We've got large systems that are basically dedicated to single
workloads, and those will probably miss the larger global hash table,
regressing like schbench did. Then we have large systems spread over
multiple big workloads that will love the private tables.
In either case, I think growing the hash table as a multiple of thread
count instead of cpu count will probably better reflect the crazy things
multi-threaded applications do?
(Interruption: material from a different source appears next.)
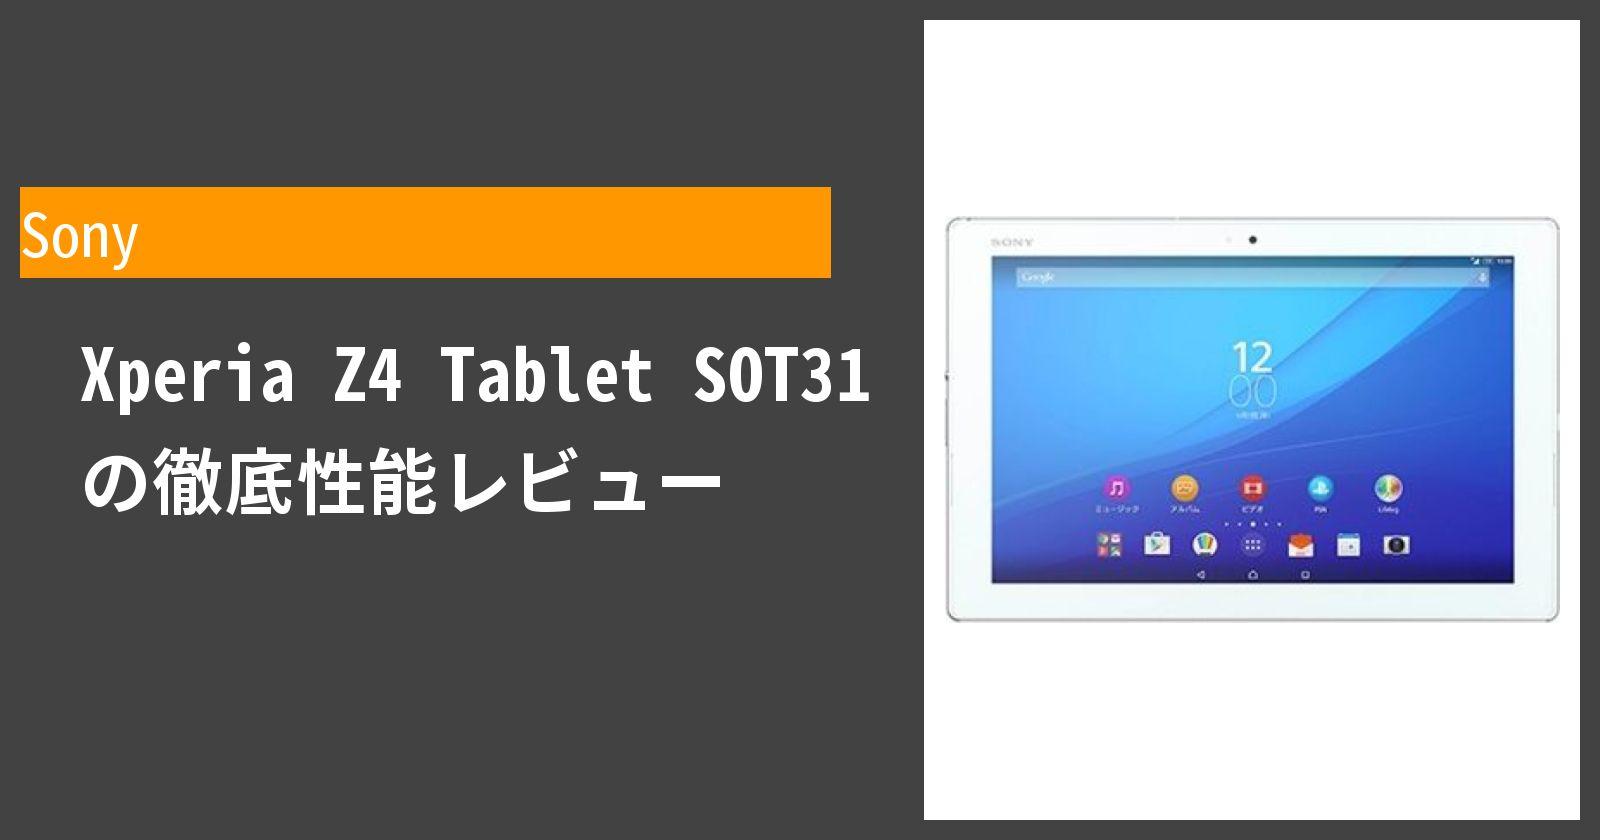 Xperia Z4 Tablet SOT31 au の徹底性能レビュー

At any rate, I don't think we want
applications to need prctl to get back to the performance they had on
older kernels.
For people that want to avoid that memory overhead, I'm assuming they
want the CONFIG_FUTEX_PRIVATE_HASH off, so the Kconfig help text should
make that more clear.
> Then there the possibility of
>
> diff --git a/kernel/futex/core.c b/kernel/futex/core.c> index
abbd97c2fcba8..a19a96cc09c9e 100644
> --- a/kernel/futex/core.c
> +++ b/kernel/futex/core.c
> @@ -1680,6 +1680,8 @@ int futex_hash_allocate_default(void)
> {
> unsigned int threads, buckets, current_buckets = 0;
> struct futex_private_hash *fph;
> + bool current_immutable = false;
> + unsigned int flags = 0;
>
> if (!current->mm)
> return 0;
> @@ -1695,6 +1697,7 @@ int futex_hash_allocate_default(void)
> return 0;
>
> current_buckets = fph->hash_mask + 1;
> + current_immutable = fph->immutable;
> }
> }
>
> @@ -1705,10 +1708,13 @@ int futex_hash_allocate_default(void)
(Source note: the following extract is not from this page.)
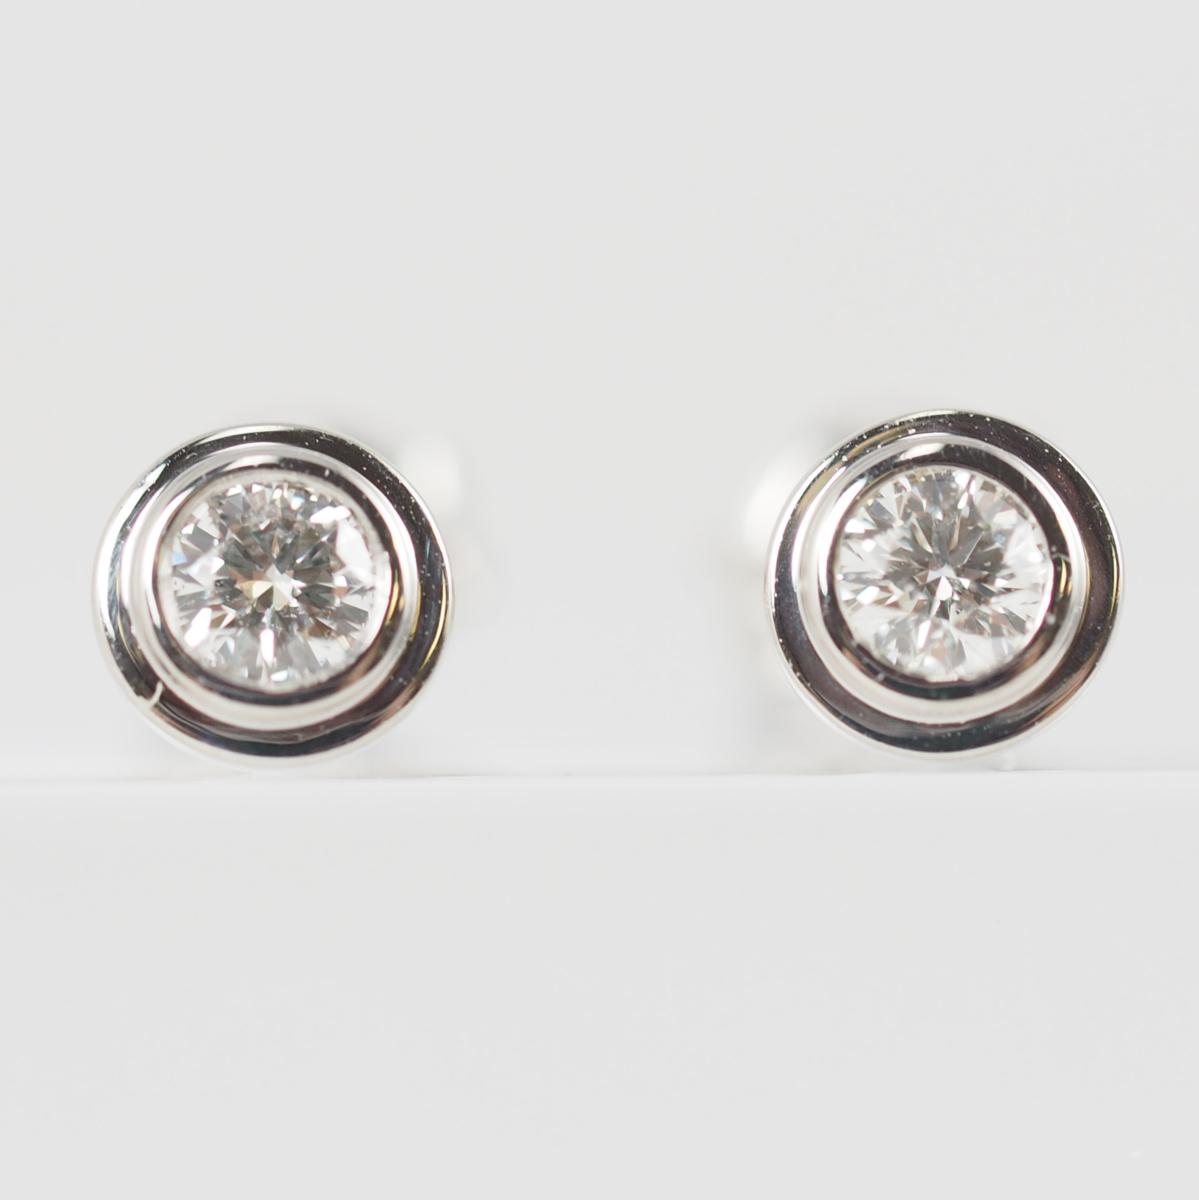 VENDOME AOYAMA ヴァンドーム青山 1粒ダイヤモンド(石目なし) Pt950/900 ピアス [22832]_画像1

> buckets = roundup_pow_of_two(4 * threads);
> buckets = clamp(buckets, 16, futex_hashmask + 1);
>
> - if (current_buckets >= buckets)
> - return 0;
> + if (current_buckets >= buckets) {
> + if (current_immutable)
> + return 0;
> + flags = FH_IMMUTABLE;
> + }
>
> - return futex_hash_allocate(buckets, 0);
> + return futex_hash_allocate(buckets, flags);
> }
> > static int futex_hash_get_slots(void)
>
> to make hash immutable once the upper limit has been reached. There will
> be no more auto-resize. One could argue that if the user did not touch
> it, he might not do it at all.
>
> This would avoid the reference accounting. Some testing:
>
> 256 cores, 2xNUMA:
> | average rps: 1 701 947.02 Futex HBs: 0 immutable: 1
> | average rps: 785 446.07 Futex HBs: 1024 immutable: 0
> | average rps: 1 586 755.62 Futex HBs: 1024 immutable: 1> | average
rps: 736 769.77 Futex HBs: 2048 immutable: 0
> | average rps: 1 555 182.52 Futex HBs: 2048 immutable: 1
How long are these runs? That's a huge benefit from being immutable
(1.5M vs 736K?) but the hash table churn should be confined to early in
the schbench run right?
>
> 144 cores, 4xNUMA:
> | average rps: 2 691 912.55 Futex HBs: 0 immutable: 1
> | average rps: 1 306 443.68 Futex HBs: 1024 immutable: 0
> | average rps: 2 471 382.28 Futex HBs: 1024 immutable: 1
> | average rps: 1 269 503.90 Futex HBs: 2048 immutable: 0
> | average rps: 2 656 228.67 Futex HBs: 2048 immutable: 1
>
> tested with this on top:
This schbench hunk is just testing the performance impact of different
bucket sizes, but hopefully we don't need it long term unless we want to
play with even bigger hash tables?
-chris
>
> diff --git a/schbench.c b/schbench.c
> index 1be3e280f5c38..40a5f0091111e 100644
> --- a/schbench.c
> +++ b/schbench.c
> @@ -19,6 +19,8 @@
> #include <unistd.h>
> #include <errno.h>
> #include <getopt.h>
> +#include <linux/prctl.h>
> +#include <sys/prctl.h>
> #include <sys/time.h>
> #include <time.h>
> #include <string.h>
> @@ -42,6 +44,9 @@
>
> #define USEC_PER_SEC (1000000)
>
> +static int futex_size = -1;
> +static int futex_flags;
> +
> /* -m number of message threads */
> static int message_threads = 1;
> /* -t number of workers per message thread */
> @@ -127,7 +132,7 @@ enum {
> HELP_LONG_OPT = 1,
> };
>
> -char *option_string = "p:m:M:W:t:Cr:R:w:i:z:A:n:F:Lj:s:J:";
> +char *option_string = "p:m:M:W:t:Cr:R:w:i:z:A:n:F:Lj:s:J:H:I";
> static struct option long_options[] = {
> {"pipe", required_argument, 0, 'p'},
> {"message-threads", required_argument, 0, 'm'},
> @@ -176,6 +181,29 @@ static void print_usage(void)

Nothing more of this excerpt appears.